À 30 kilomètres de là, le parc de Clères est l’œuvre d’un homme, l’entomologiste et botaniste Jean Delacour. Implanté lui aussi sur un site médiéval aménagé au XIXe siècle en parc paysager pittoresque, il est devenu au début du XXe « le paradis terrestre » voulu par Jean Delacour qui l’aménagea pour y faire cohabiter les animaux en semi liberté, ses collections végétales et des parterres de style Art and Craft.
Jean Delacour s’intéresse très jeune à la nature, passion qu’il développe dans son enfance pendant les vacances qu’il passe dans la propriété familiale de Villers-Bretonneux. Après des études de botanique à Lille, il entame des études de zoologie à la Sorbonne et fréquente assidûment le Muséum National d’Histoire Naturelle, dont il deviendra plus tard chercheur associé et correspondant. Après la perte de Villers-Bretonneux durant la guerre de 14/18, il recherche le lieu idéal pour développer de nouvelles collections.
C’est ainsi qu’il acquiert le domaine de Clères en 1919. Dans le parc, il crée ses premières serres peuplées d’oiseaux et collectionne les orchidées. Il continue les aménagements extérieurs initiés par son prédécesseur Hector de Béarn en transformant la prairie en façade pour en faire un jardin Arts and Crafts, en aménageant savamment les espaces de circulation humains/animaux avec des murs minéraux ou végétaux et en faisant construire des volières avec pour certaines des points d’eau aménagés en fontaine. Pendant ce temps, il continue ses expéditions d’où il ramène des milliers de spécimens.
Mais la guerre de 1939 arrêtera cet élan. Après l’incendie du château de Clères en février 1939 qui détruit sa bibliothèque et ses archives scientifiques et personnelles, découragé, il rejoint les États-Unis en décembre 1940, à la suite du bombardement de sa propriété en mai et juin de la même année.
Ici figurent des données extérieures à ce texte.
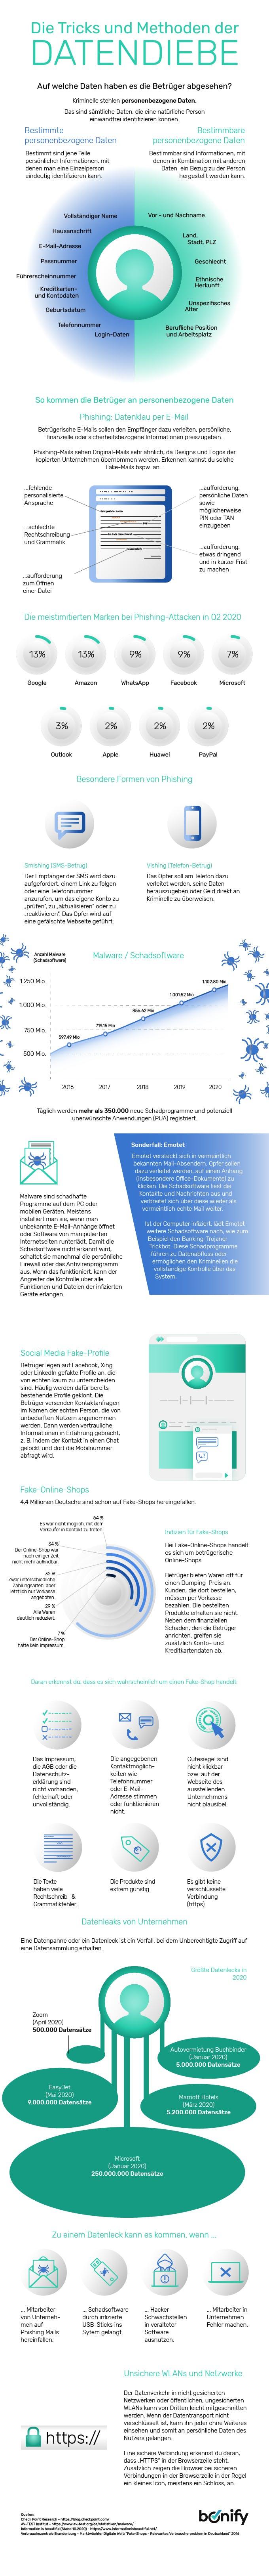 bonify IdentProtect Infografik 3 - Die Tricks und Methoden der Datendiebe / Identitätsdiebstahl
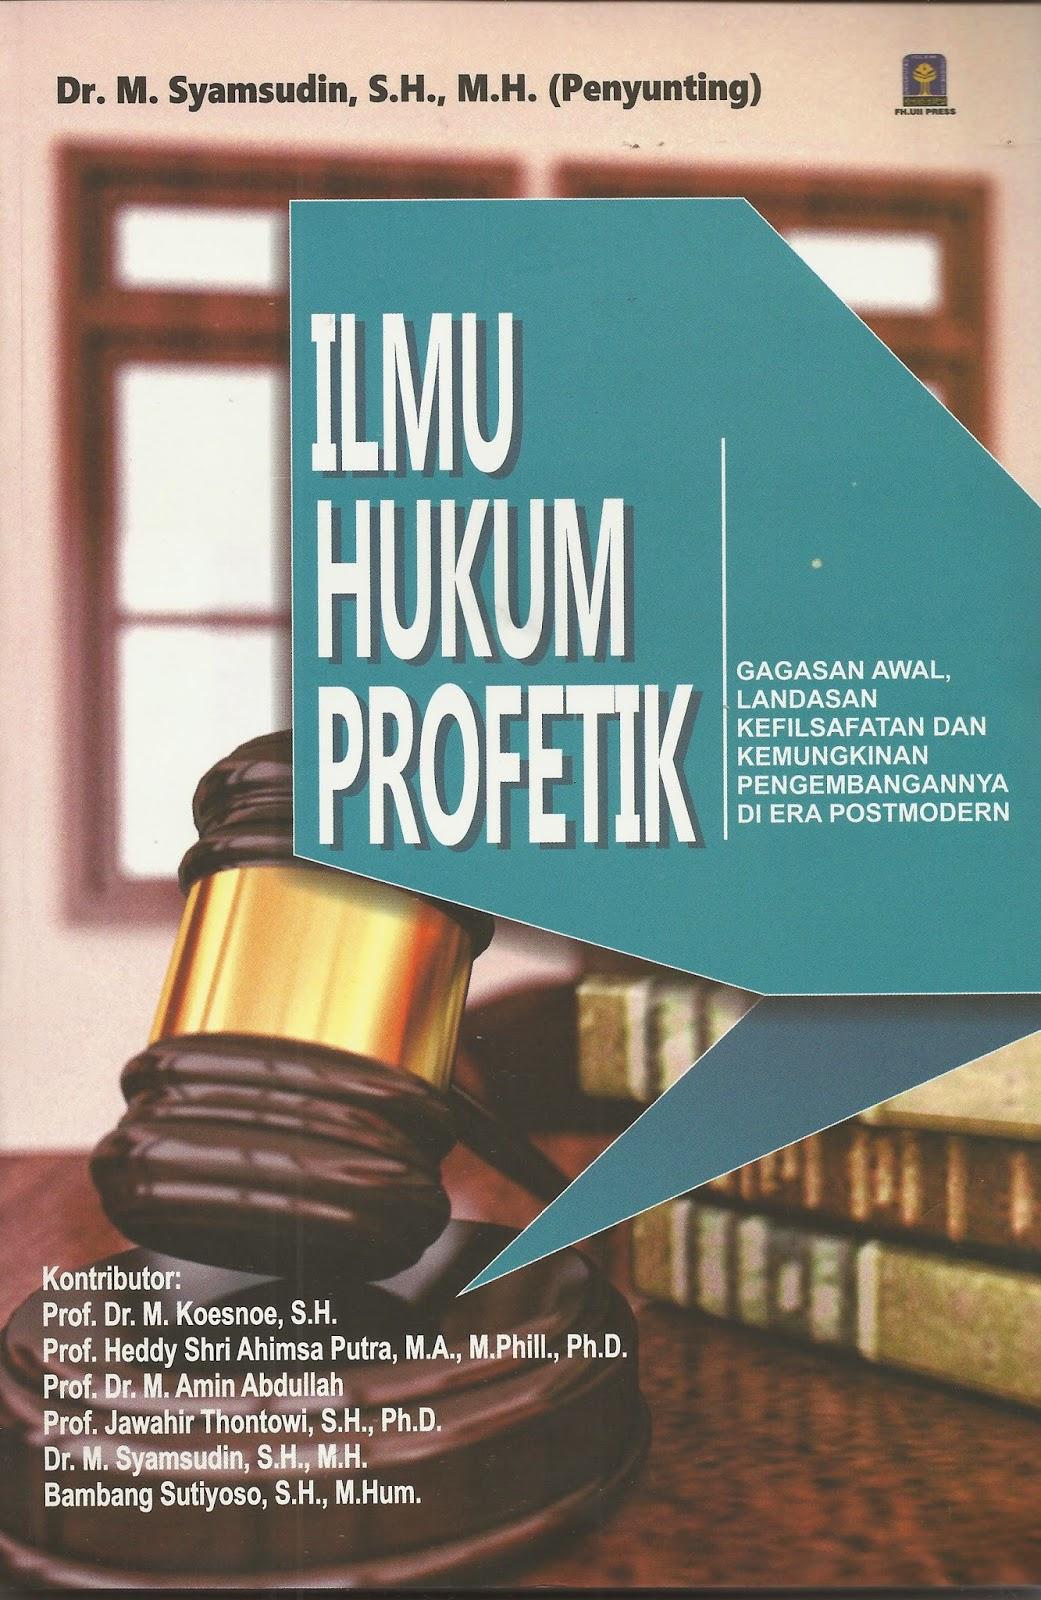 ILMU HUKUM PROFETIK

Le parc de Clères étant à nouveau ouvert à la visite en 1947, il revient plusieurs mois par an y séjourner jusqu’à sa mort en novembre 1985 à l’âge de 95 ans. Dès les années soixante, Jean Delacour avait préparé l’avenir du parc en le léguant au Muséum National d’Histoire Naturelle, partenaire professionnel de l’ornithologue depuis toujours. L’esprit du lieu reste en accord avec la vision de son concepteur et c’est de nos jours un vrai bonheur de partager, en bonne intelligence, la visite du site et des collections botaniques avec les animaux qui y résident.